Overall, Savanna has spent $60 million on capital improvements to the buildings, including updated common areas, modernized infrastructure and an expanded inventory of pre-built office suites.

The sales campaign is touting the buildings’ locations. The 302,000 sq ft property at 19 West 44th Street, known as the Berkeley Building, is two blocks east of Times Square and two blocks west of Grand Central Terminal. That submarket is billed as one of the city’s strongest, with its lowest vacancy rate in five years and Class-A asking rents up 5% year over year.

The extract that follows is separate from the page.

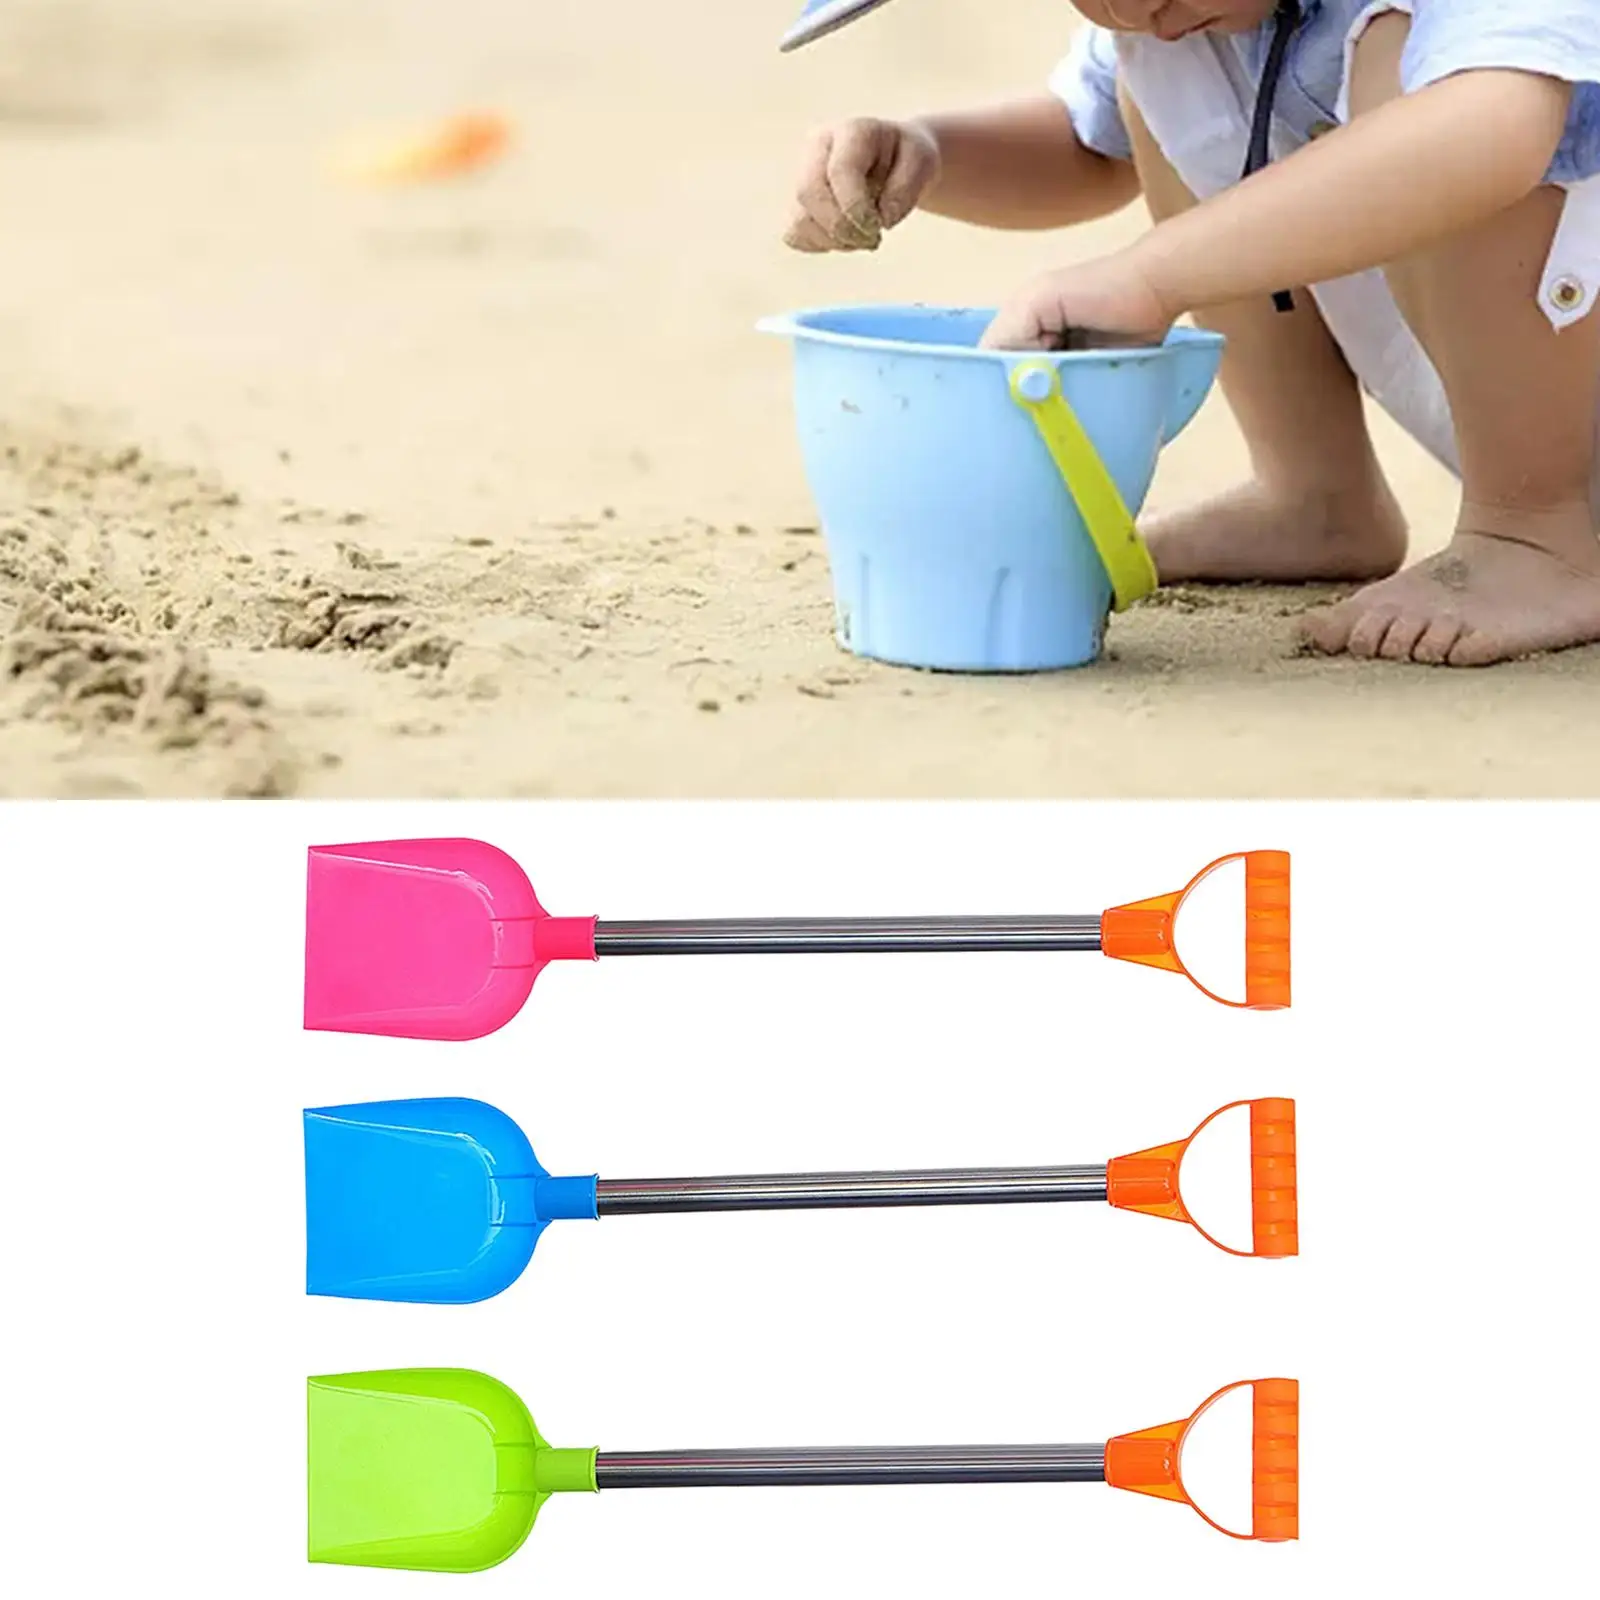 3 Pieces Child Sand Beach Toys Toy Outdoor Toy for Toddlers Children
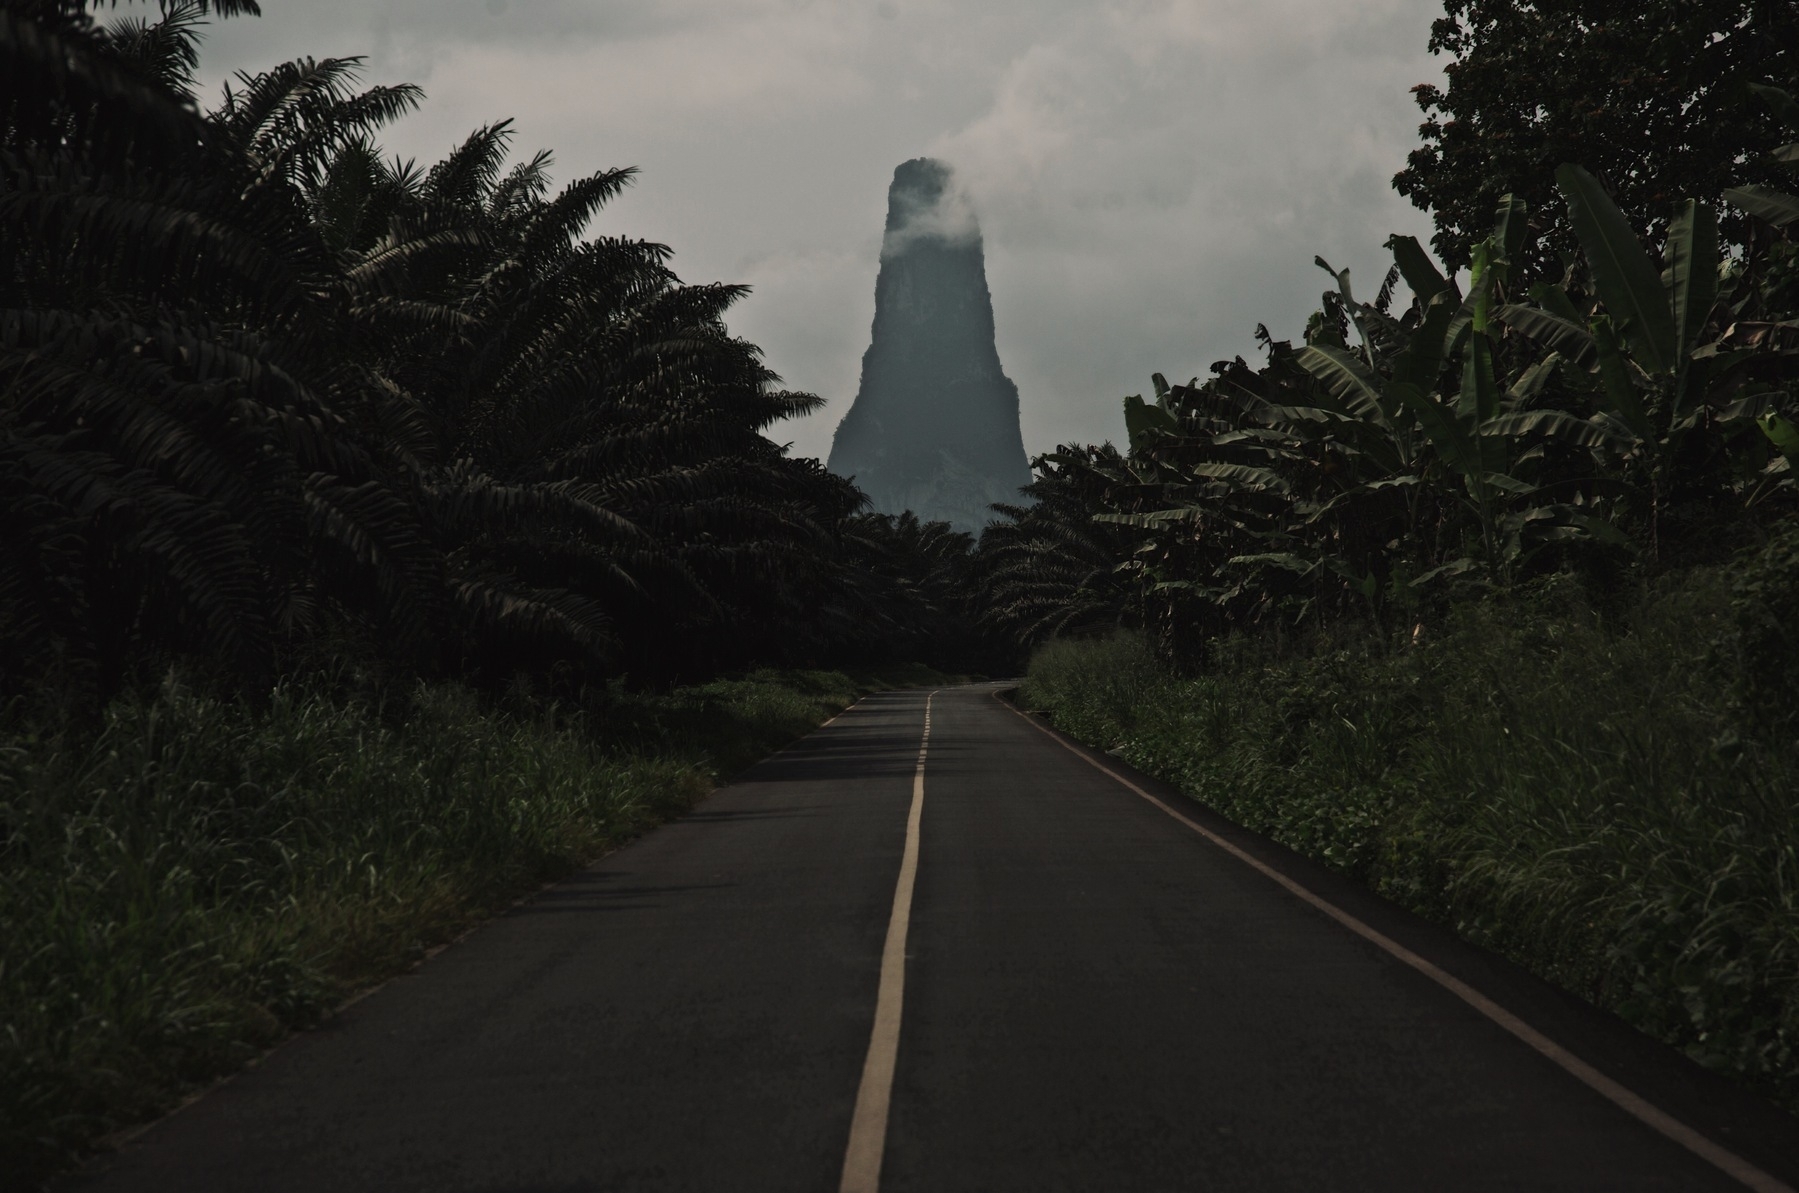 A quiet country road with palm trees on both sides and, on the background, a volcanic peak that looks like a needle.

The 18-story, 79%-occupied building, between Fifth and Sixth Avenues, has loft spaces and 12,000 sq ft of retail space. Along 44th Street overall there are six high-end hotels and eight members-only clubs, according to marketing materials. Bryant Park and the New York Public Library are two blocks south.

Savanna bought the building in 2017 for $195 million from Germany-based investor Deka Immobilien. The price, based on 293,000 sq ft then, came to $666/sq ft.

The twin 12-story buildings at 24-28 West 25th Street are between Broadway and Sixth Avenue in the Flatiron District, which used to be referred to as Midtown South. Madison Square Park is less than a block east and the famed Flatiron Building, undergoing a massive residential conversion, is three blocks south.

The offered properties total 135,000 sq ft, including 7,000 sq ft of retail. They are 84% occupied. Built in 1911, the buildings share some full floors, allowing an owner to pitch full-floor spaces from roughly 5,000 to 11,000 sq ft.

Savanna bought the complex for $107.4 million, or $807/sq ft, from Japan-based Unizo Holdings in 2019.

A few buildings west is 48 West 25th Street, whose 125,000 sq ft, also including 7,000 sq ft of retail, is 57% occupied. Savanna bought the 12-story property in late 2018 from the Klapper family for $97.5 million, or $774/sq ft.